1-Click Hugging Face Models with DigitalOcean GPU Droplets

The new 1-Click models come with a wide variety of LLM options, all with different use cases. These are namely:

meta-llama/Meta-Llama-3.1-8B-Instruct
meta-llama/Meta-Llama-3.1-70B-Instruct
meta-llama/Meta-Llama-3.1-405B-Instruct-FP8
Qwen/Qwen2.5-7B-Instruct
google/gemma-2-9b-it
google/gemma-2-27b-it
mistralai/Mixtral-8x7B-Instruct-v0.1
mistralai/Mistral-7B-Instruct-v0.3
mistralai/Mixtral-8x22B-Instruct-v0.1
NousResearch/Hermes-3-Llama-3.1-8B
NousResearch/Hermes-3-Llama-3.1-70B
NousResearch/Hermes-3-Llama-3.1-405B
NousResearch/Nous-Hermes-2-Mixtral-8x7B-DPO

Creating a new GPU Droplet with any of these models only requires the process of setting up a GPU droplet, as shown here.

Watch the following video for a full step-by-step guide to creating a 1-Click Model GPU Droplet, and check out this article for more details on launching a new instance.

Once you have set up your new machine, navigate to the next section for more detail on interacting with your 1-Click Model.

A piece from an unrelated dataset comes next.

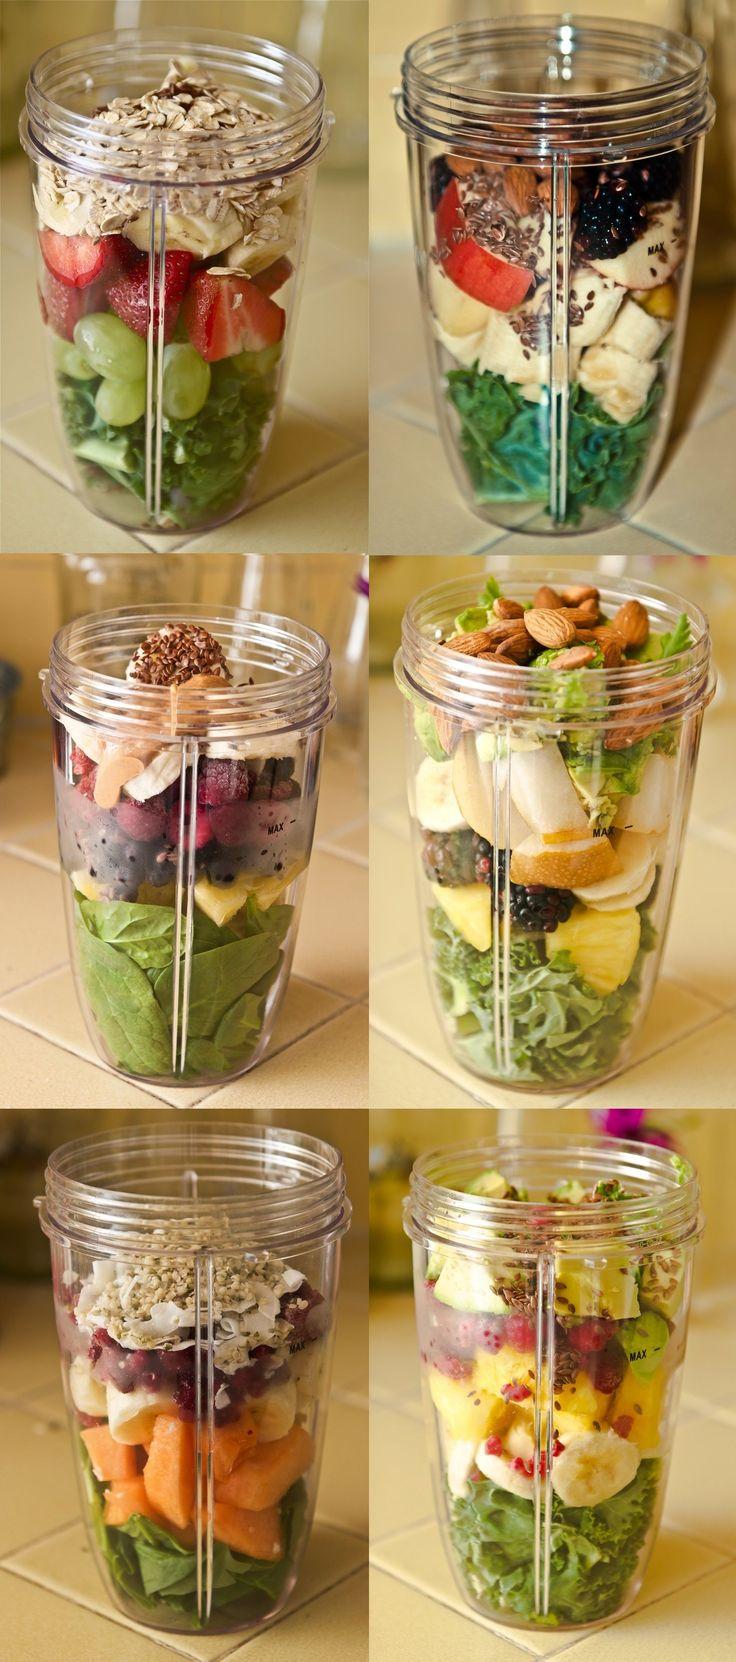 Healthy #Smoothie Recipes

Interacting with the 1-Click Model Deployment

Connecting to the 1-Click Model Deployment is simple if we want to interact with it on the same machine. “When connected to the HUGS Droplet, the initial SSH message will display a Bearer Token, which is required to send requests to the public IP of the deployed HUGS Droplet. Then you can send requests to the Messages API via either localhost if connected within the HUGS Droplet, or via its public IP.” (Source). To access the Droplet on other machines then, we will require getting the Bearer Token. Connect to your machine using SSH to get a copy of the token, and save it for later. If we are just wanting to interact with the inference endpoint from our GPU Droplet, things are pretty simple. The variable is already saved to the environment.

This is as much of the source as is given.